Not to take away from the nice writeup, but for anyone not getting far enough into the writeup, this is essentially taking https://github.com/ScalingIntelligence/KernelBench and seeing if it can generate Metal kernels in addition to the CUDA kernels the benchmark is written for. The dataset was released in November 2024, it looks like, with a paper on arXiv in February and a bunch of discussion at the time[1], so worth keeping likelihood of inclusion in training data in mind when comparing models.

The different levels are interesting. Level 1 and 3 are successfully (5-shot) translated to Metal kernels by gpt5 97% and 88% of the time , but in both cases, the majority of generated kernels are slower than the reference compiled pytorch versions. The speculation about more simple op fusion opportunities in the Level 2 kernels vs the very simple Level 1 kernels and the complex architecture Level 3 kernels seems plausible. From the KernelBench paper, it looks like Level 2 kernels were mostly automatically generated from randomly picking operators and then getting an LLM to generate a kernel combining them, while Level 1 were mostly hand written and Level 3 came from well-known ML architectures.

The swarm part seemed a bit of a stretch. They fired off requests to 8 different models to do the translation, and the "supervisor" benchmarked the returned kernels and picked the fastest one. Technically a swarm, I guess, but feels like we're devaluing the term :)

The correctness testing used made my eye twitch a bit:

> We tested the generated kernel's output against the default implementation's output on 100 random inputs. We set a 0.01 tolerance for both relative and absolute. Let a be the generated kernel output, and b be the reference kernel output. Outputs were considered equal if for every element in the output, absolute(a - b) ≤ (atol + rtol absolute(b)) held true.*

For a numerical kernel, this seems way too loose, but turns out those bounds come straight from KernelBench, which only tested for correctness on 5 random inputs by default in their harness, not the 100 they used here. KernelBench mentions the clear tradeoff they get between how strictly they define correctness and kernel performance, but for Level 1 kernels in particular, which are really just single operations, it seems like the bounds should be multiple orders of magnitude smaller to ensure robust translation.
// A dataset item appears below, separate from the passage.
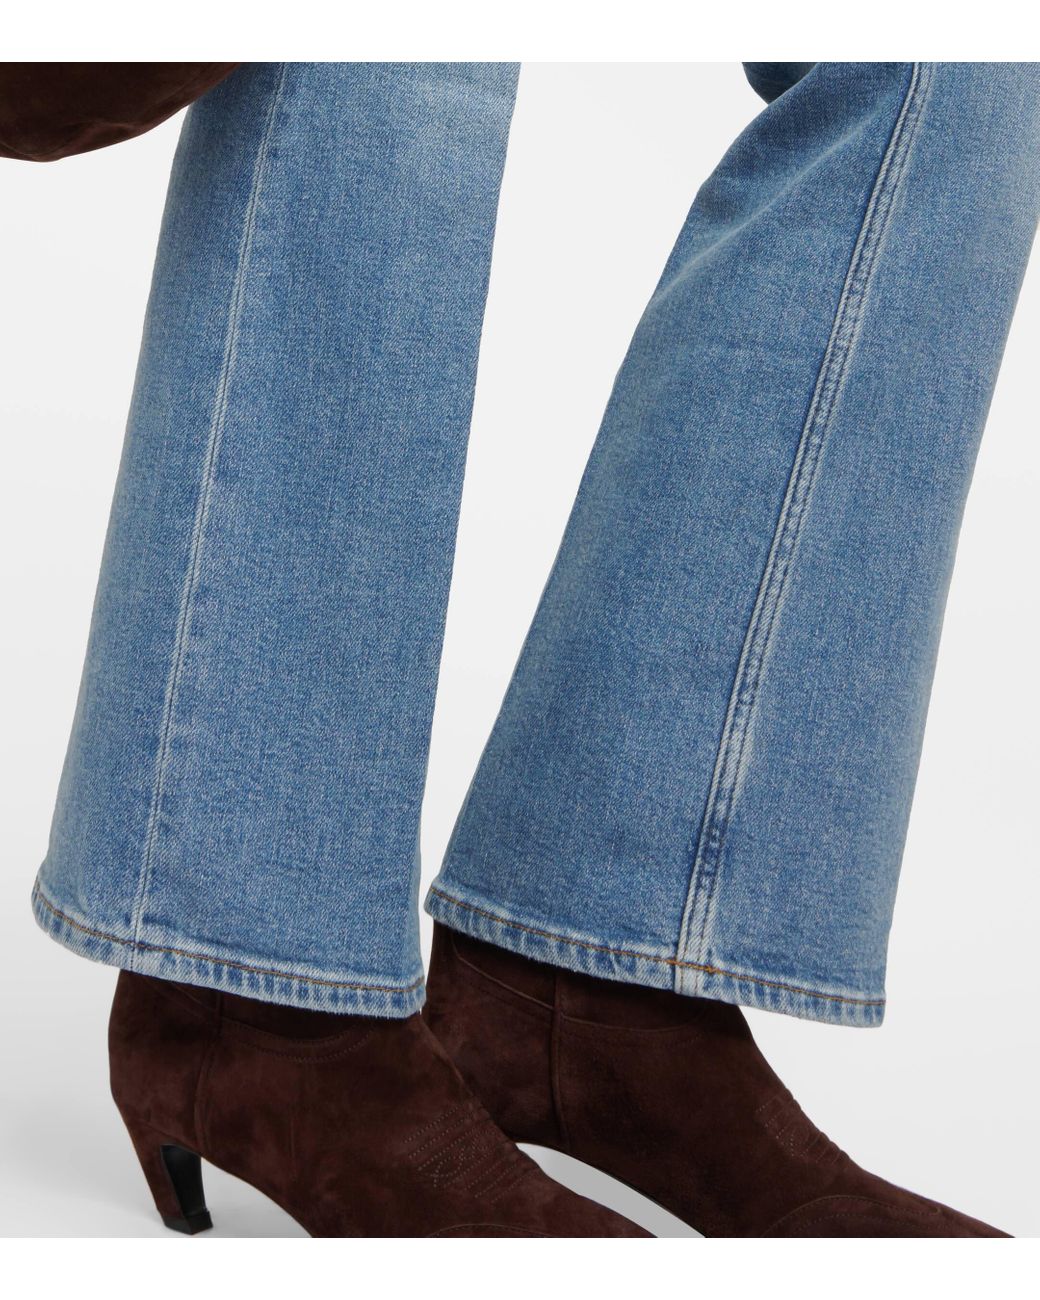 RE/DONE 70S HIGH RISE - Bootcut jeans - atomic/blue denim

For instance, the all 0s "optimization" mentioned in the writeup allowing for trivially translating the kernel looks like it's due to those loose tolerances[2] and KernelBench was looking to make the evaluation more robust.

[1] Like https://metr.org/blog/2025-02-14-measuring-automated-kernel-...
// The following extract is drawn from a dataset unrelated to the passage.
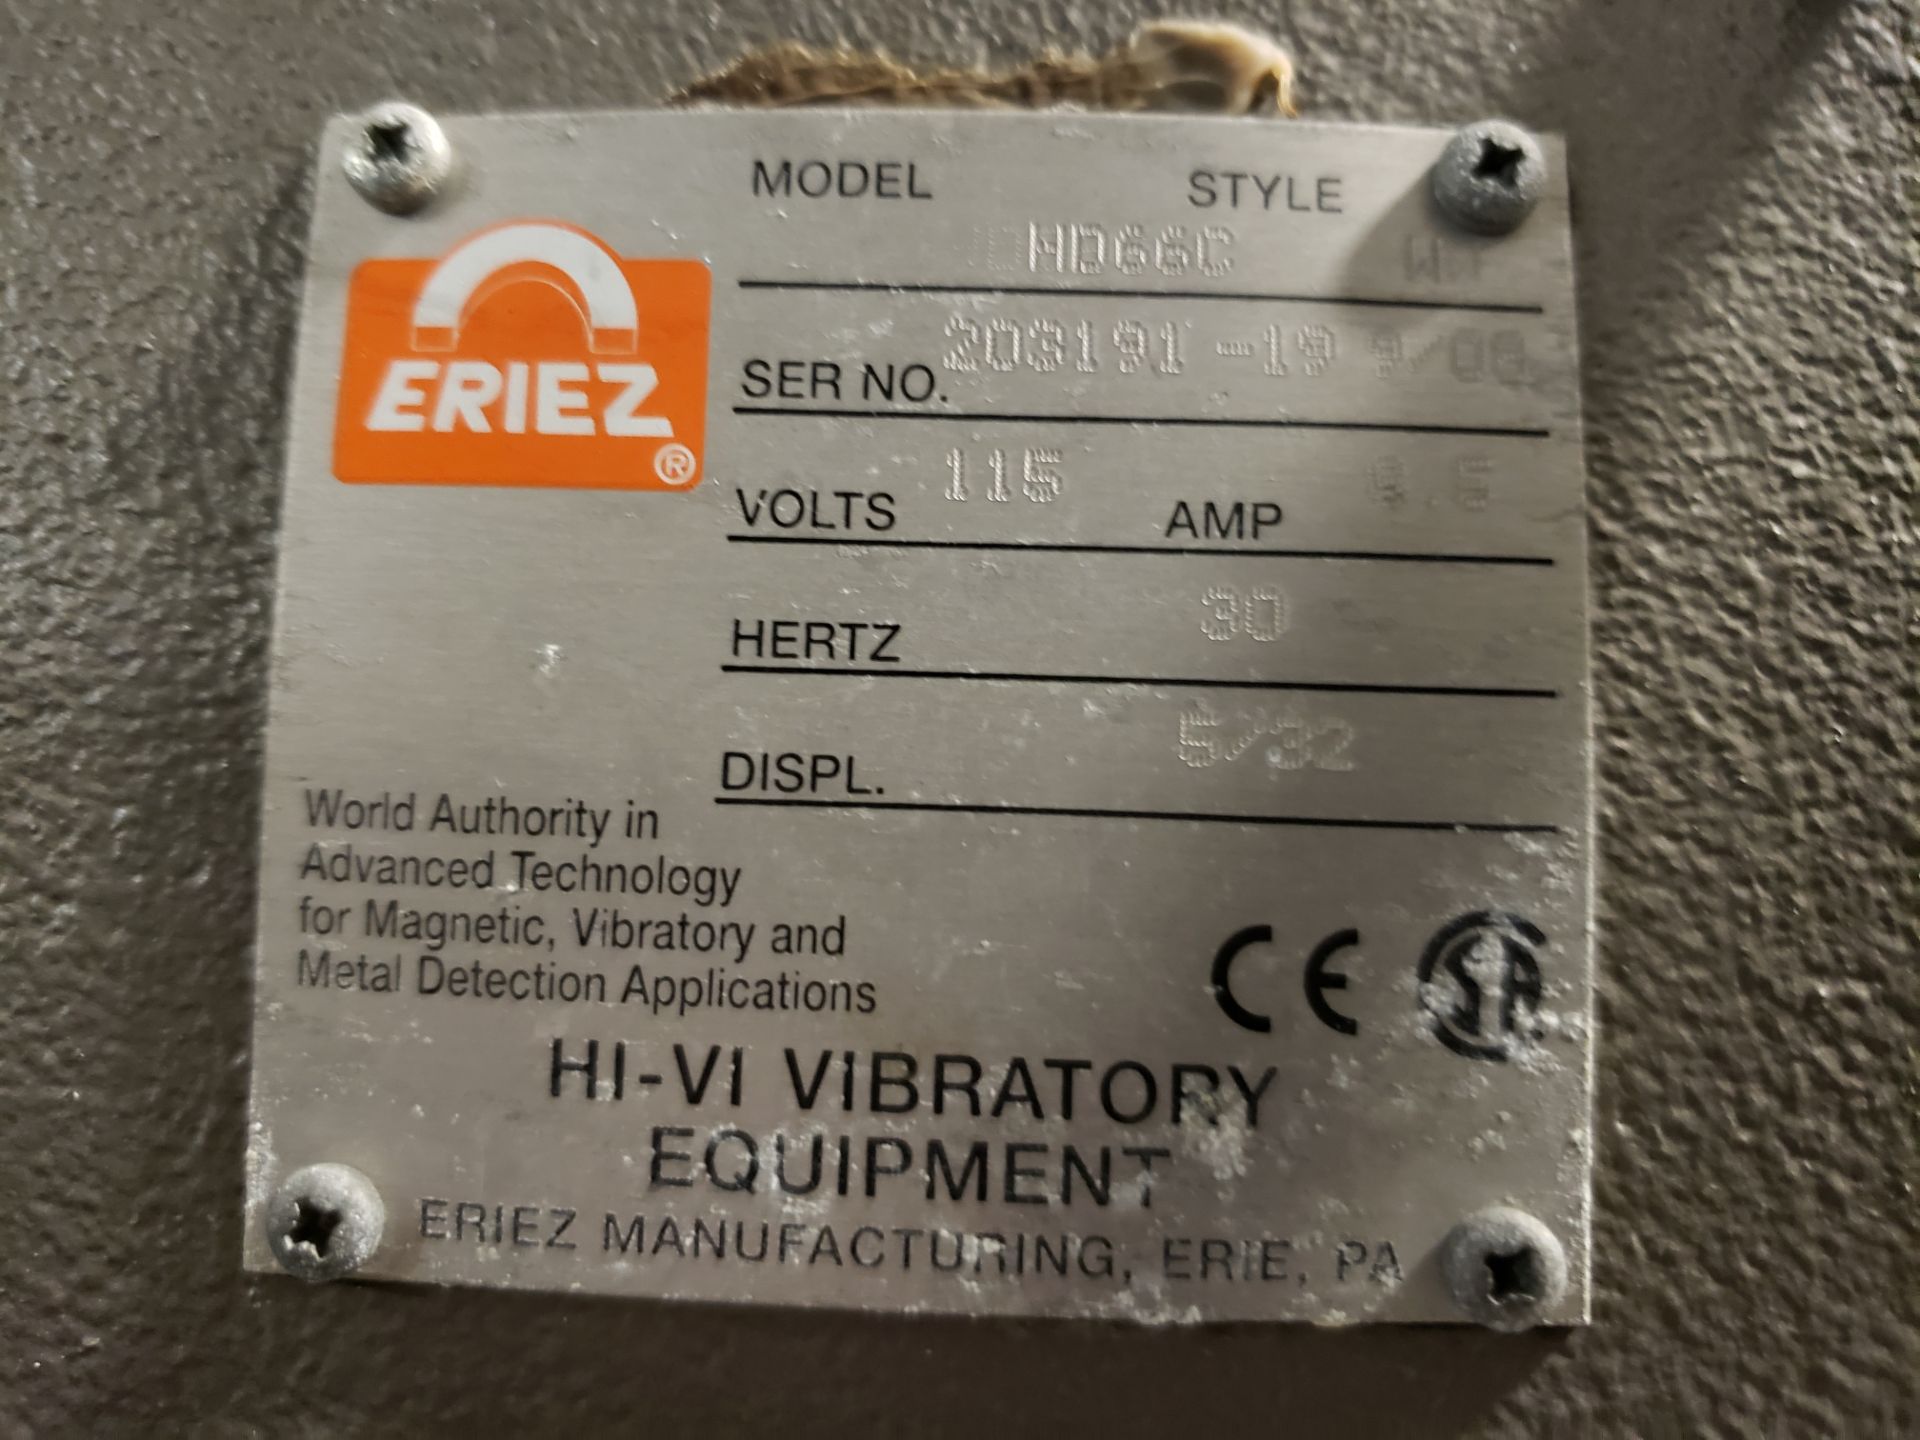 Eriez HD66C - W 12" High Deflection Vibratory Feeder, S/N 203191-19 | Rig Fee $350 - Image 3 of 5

[2] https://github.com/ScalingIntelligence/KernelBench/pull/25

simlevesque · 3h ago
Are these kernel available ? I'd love to try that !
magicalist · 57m ago
Feels like they should have released some code, yeah, but gpt5 success rate was high enough that it looks like you can just pass the kernels they got from https://github.com/ScalingIntelligence/KernelBench/ to gpt5 (with up to five rounds of feeding back compilation/correctness errors back to the model) and get the results yourself.
pbronez · 3h ago
This is pretty cool.

I initially thought they were writing custom kernels for proprietary models like GPT-5. They aren't - they're using proprietary models to write kernels for a set of ~250 open Pytorch modules.